White Sox Move To Eliminate Ballpark Straws Is An Environmental Touchdown
The Chicago White Sox have chosen to eliminate plastic straws from their ballpark for the rest of their season, making them a contender for Chicago's most environmentally-conscious sporting franchise. This choice, the result of a partnership with the notorious straw-haters at the Shedd Aquarium, will probably make it more likely that fans will get some soda slopped down their backs this year. More importantly, it will probably also cause the planet to die just a little more slowly. That sounds morbid, yes, but really, it's a good thing, and a sticky seat or two seems a small price to pay. We think it's a real slam dunk.

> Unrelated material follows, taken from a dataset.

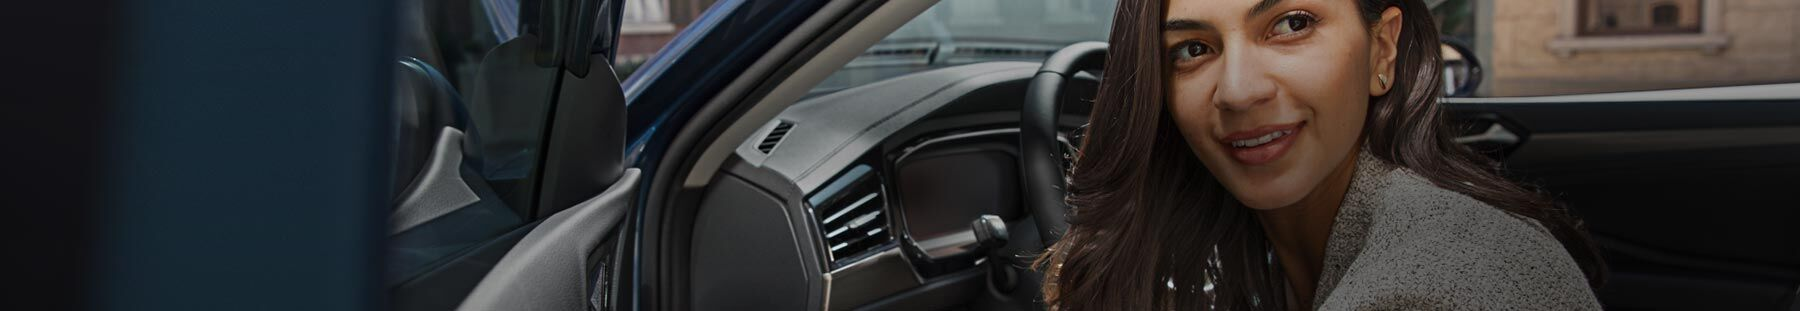 All New Volkswagen Jetta in Oneonta, NY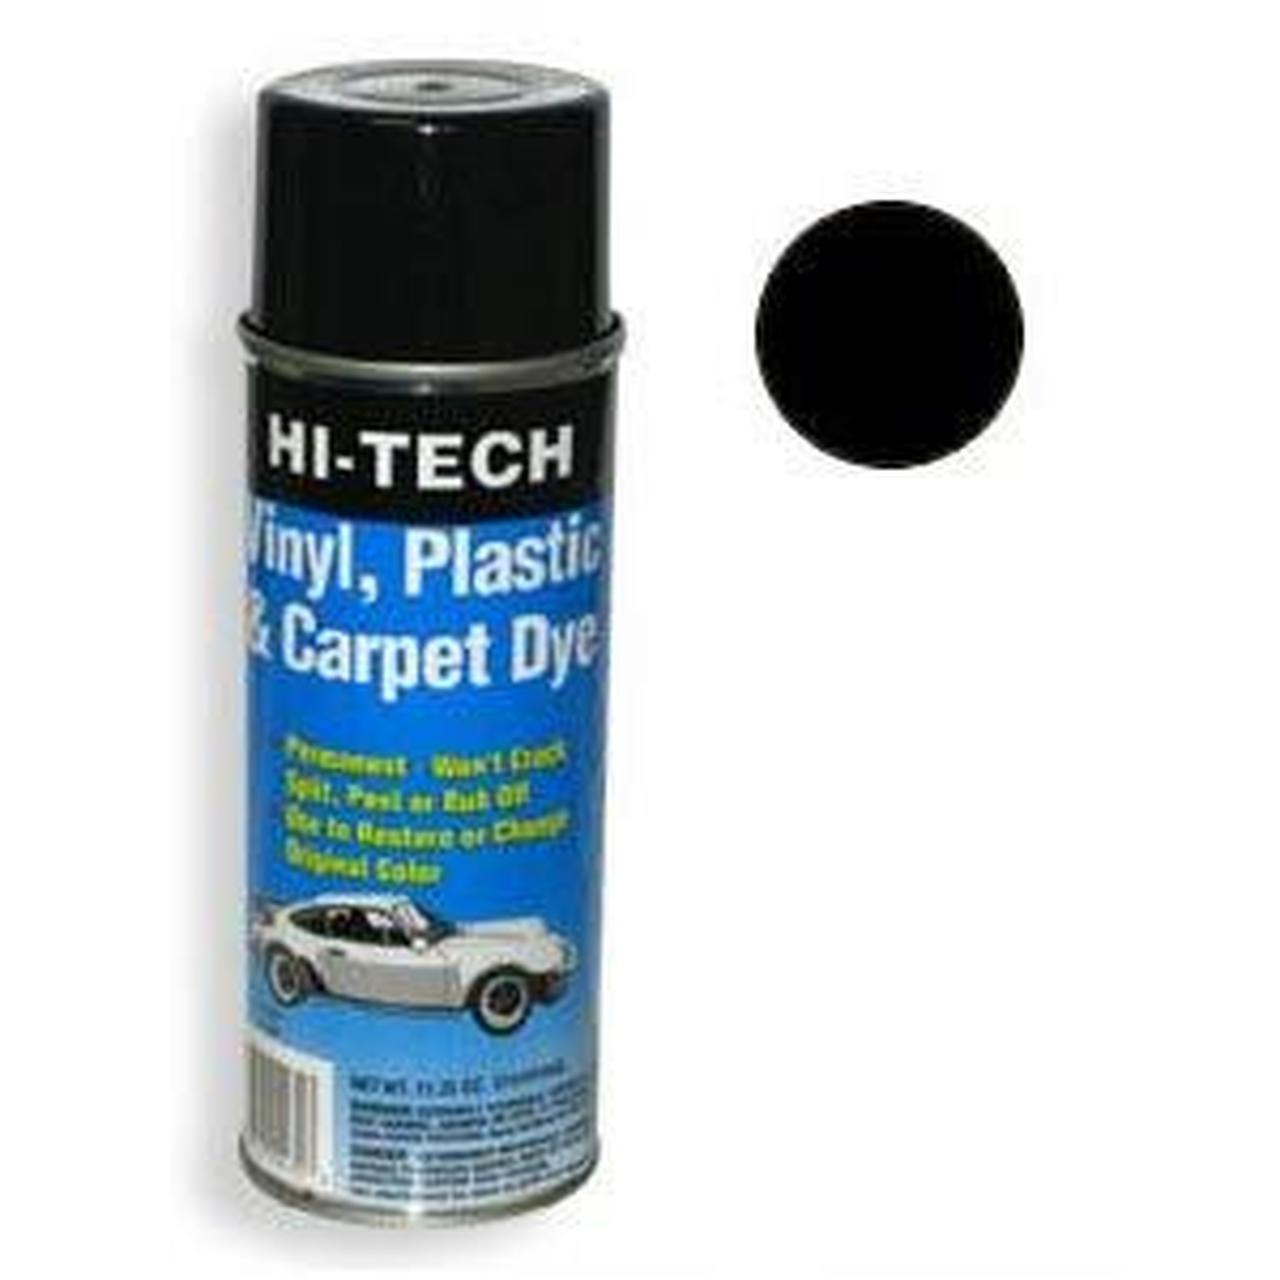 Vinyl, Plastic & Carpet Dye-Black

The decision, as reported by NBC Chicago 5, means that concession stand workers will no longer automatically provide straws of any kind at Guaranteed Rate Field, though they will begrudgingly hand over biodegradable straws on request. That small concession to concession-purchasers should ensure that anyone who absolutely refuses to consume a carbonated beverage without a long skinny liquid chute can still sip merrily away, and can do so without any sort of straw-related guilt complex. If you care about the environment at all, you should be doing an end zone dance right about now!
The Sox estimate that their radical straw agenda will save more than 215,000 straws this season, which is a lot of straws. According to Shedd, Americans use approximately 500 million straws per day, while we as a planet dump roughly 19 billion tons of plastic in the ocean annually. Straws that don't biodegrade are, the Shedd the Straw website helpfully notes, nearly impossible to recycle, so "it's likely that every straw ever used still exists on our planet."
That's insane, and the White Sox organization is right to vehemently oppose straws and all they stand for. We applaud you, South Siders—now that's a goooooooaaallll!!! worth scoring.